09:43am Saturday 16 December 2017

Some cutaneous HPV types may be involved in Non-Melanoma Skin Cancer development

Electron-microscopical image of human papilloma viruses. Source: Prof. Hanswalter Zentgraf, Deutsches Krebsforschungszentrum

Skin cancer on the rise
Non-melanoma skin cancer is the most common form of malignancy in adult Caucasian populations, with more than a million cases recorded each year in the USA alone.

Lifestyle risk factors… but
The incidence of these cancers is continuously rising due mainly to the aging structure of Western populations, and as a result of growing prosperity, permitting more visits to countries with high sun exposure, which is a key risk factor for NMSC, as well as lifestyle habits associated with prolonged voluntary sun exposure for tanning purposes.

… Immune system disorders also etiological factor for NMSC
Impairment of the immune system also appears to play an important role in NMSC. Indeed, immunosuppressed organ transplant recipients (OTRs) have a 50–100-fold increased risk of developing NMSC compared to the general population. NMSCs occur 10–20 years earlier in immunosuppressed than in immunocompetent individuals, and the cumulative incidence of skin cancer in patients under immunosuppressive treatment for 10–25 years is approximately 30–40%. Thus, NMSCs cause a severe discomfort in OTR individuals, who often, due to the high number of skin lesions, cannot be treated with conventional surgery.

Strong suspicion of etiological role for infectious agent
The link with immune status strongly supports the role of an infectious agent in NMSC. Biological and epidemiological studies indicate that a sub-group of cutaneous human papillomaviruses (HPVs), refered to as beta HPV types, are associated with skin carcinogenesis. However, their direct role in cancer development and in particular whether they synergize with other risk factors, like UV irradiation, remain to be proven.

DKFZ-IARC collaboration
In a collaborative DKFZ-IARC program, we have developed a novel experimental animal model to further evaluate the role of beta HPVs in skin carcinogenesis. We have generated transgenic (Tg) mice expressing the viral oncoproteins E6 and E7 from cutaneous beta HPV38 in the basal layer of the epidermis. We found that chronic skin UV irradiation of these transgenic animals promoted the formation of skin lesions that resembled the squamous cell carcinoma (SCC)-precursor lesions in humans, actinic keratosis and subsequently SCC, closely mimicking the scenario observed in humans. In contrast, wild-type mice developed neither actinic keratosis nor SCC when exposed to the same dose of UV. Dr Christopher Wild, Director, IARC, indicated that “[Our] study shows the existence of a synergy between UV and cutaneous beta HPV in the induction of pre-malignant and malignant skin lesions in this animal model, supporting the further investigation of the role of these viruses in the development of skin cancer in people.”
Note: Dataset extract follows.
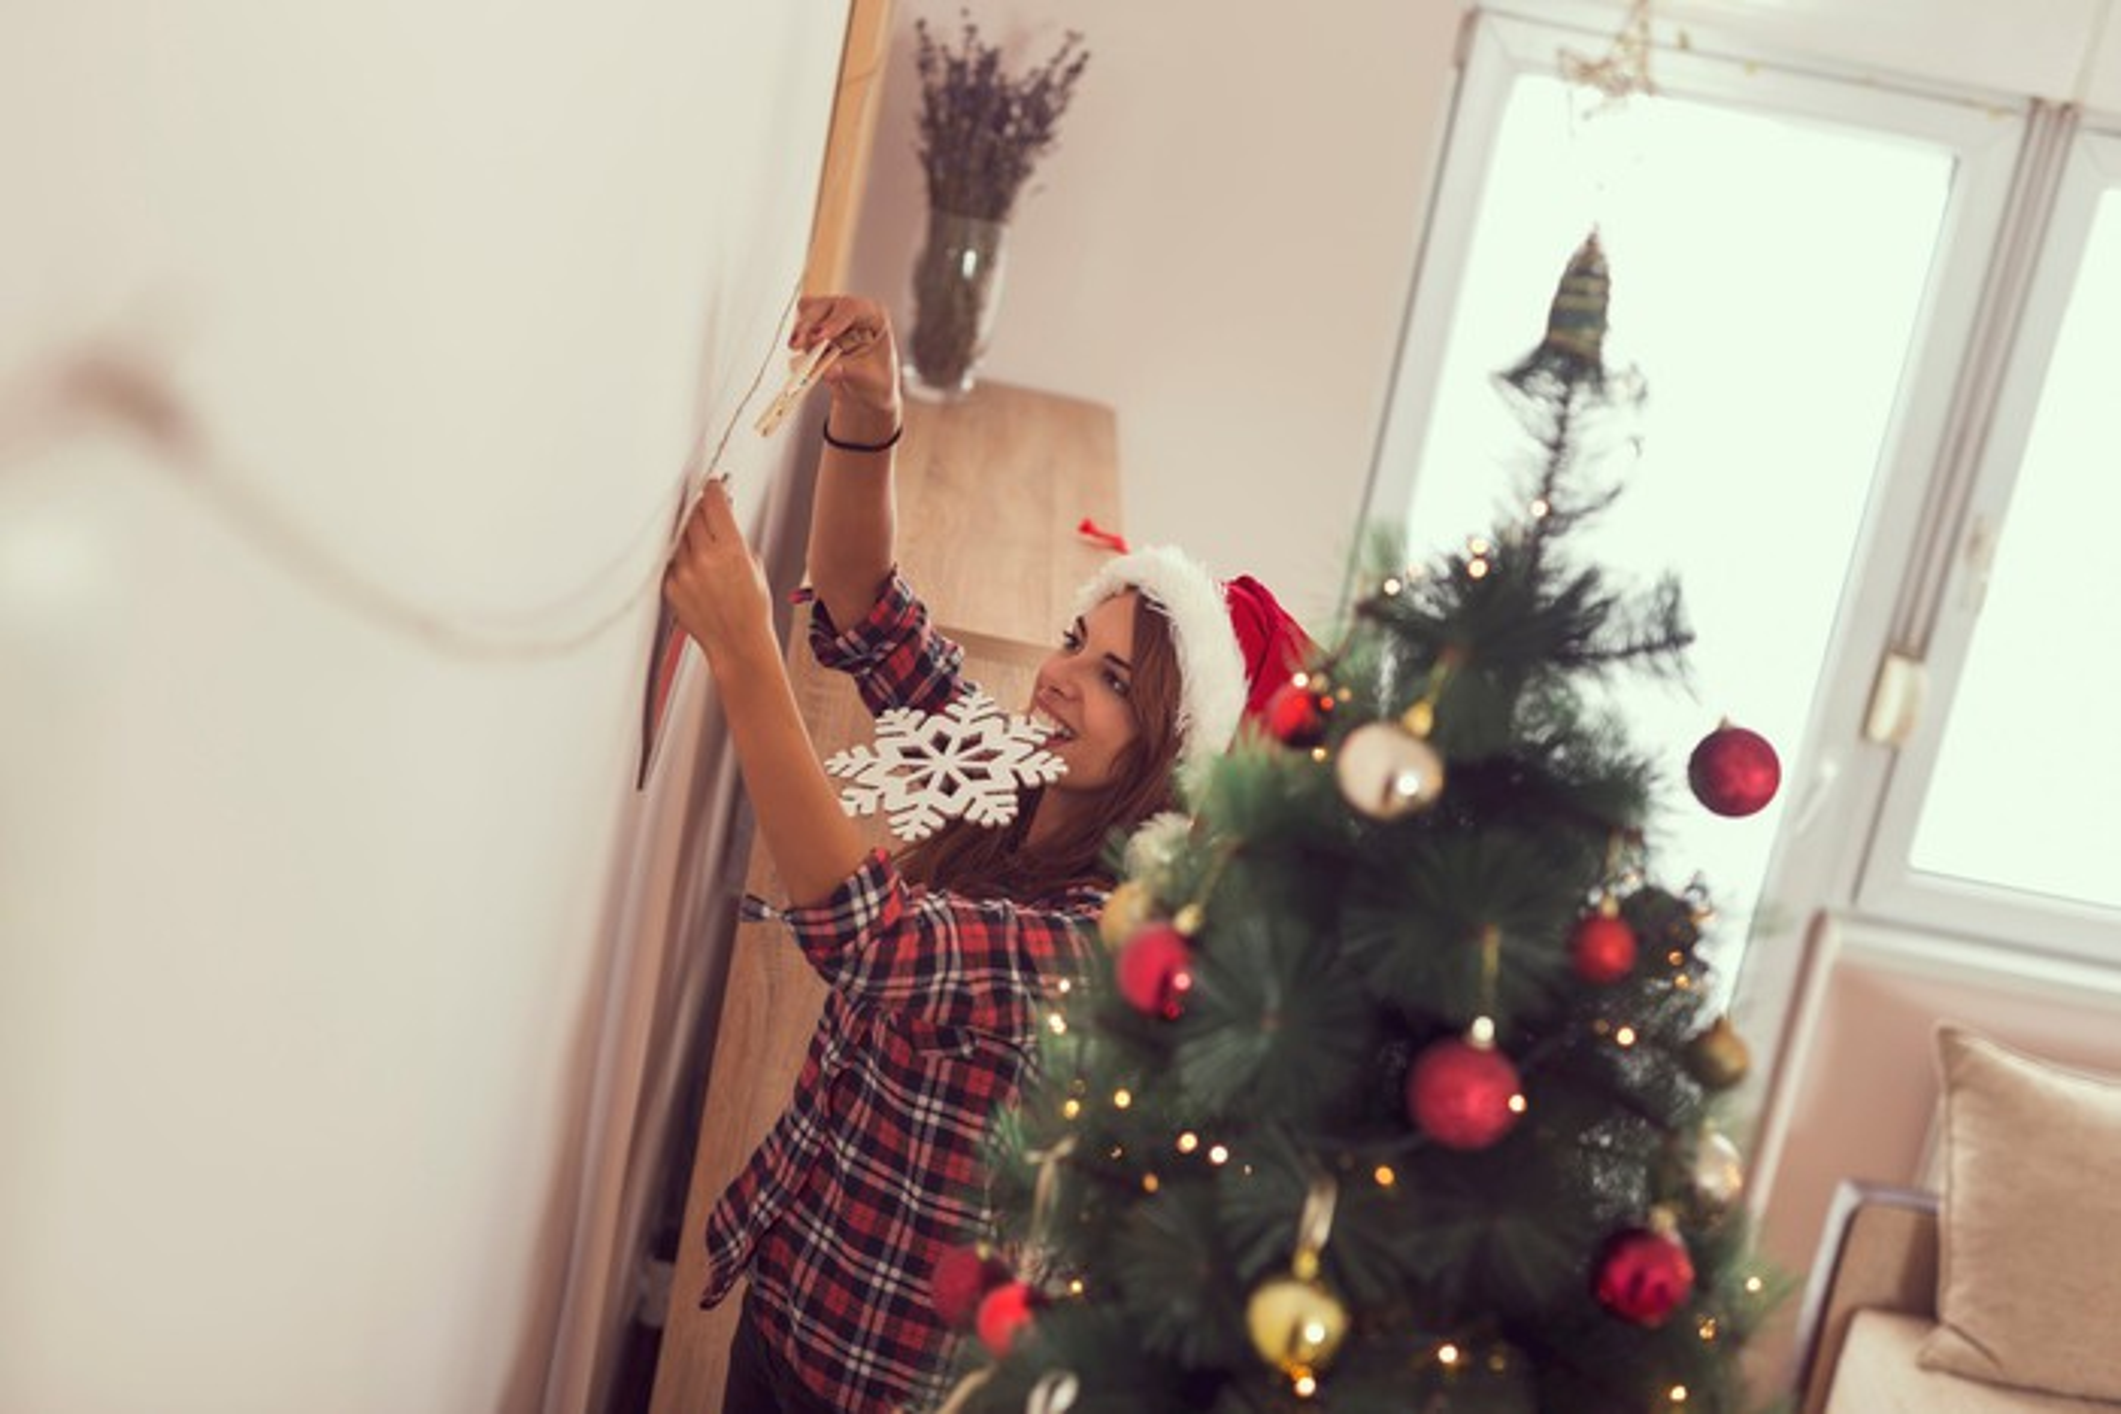 Woman hanging lights next to Christmas tree

The way forward: possibilities for action
“The establishment of the involvement of beta cutaneous HPV types in NMSC development is of paramount importance”, continued Dr Lutz Gissmann, Head of the Division of Genome Modifications and Carcinogenesis at DKFZ, “since it may offer the possibility, if causality is established, of novel prophylactic strategies for this disease based on the generation of specific vaccines, as shown for the HPV types associated with cervical cancer”. This strategy may be highly beneficial for OTRs, who could be vaccinated before the initiation of the immune suppressive therapy. “However, further research, particularly in humans, is needed in the next decades to understand whether beta HPV prophylactic strategies may possibly have a positive impact on the prevention of NMSC”, he concluded.

Daniele Viarisio, Karin Mueller-Decker, Ulrich Kloz, Birgit Aengeneyndt, Annette Kopp-Schneider, Hermann-Josef Gröne, Tarik Gheit, Christa Flechtenmacher, Lutz Gissmann and Massimo Tommasino: E6 and E7 from beta HPV38 cooperate with ultraviolet light in the development of actinic keratosis-like lesions and squamous cell carcinoma in mice. PLoS Pathogen 2011, www.plospathogens.org/article/info:doi/10.1371/journal.ppat.1002125

The German Cancer Research Center (Deutsches Krebsforschungszentrum, DKFZ), employing over 2,500 staff members, is the largest biomedical research institute in Germany. More than 1,000 scientists are working to investigate the mechanisms of cancer development, identify cancer risk factors and develop new strategies for better cancer prevention, more precise diagnosis and effective treatment of cancer patients. In addition, the staff of the Cancer Information Service (KID) provides information about this widespread disease for patients, their families, and the general public. DKFZ is funded by the German Federal Ministry of Education and Research (90%) and the State of Baden-Wuerttemberg (10%) and is a member of the Helmholtz Association of National Research Centers.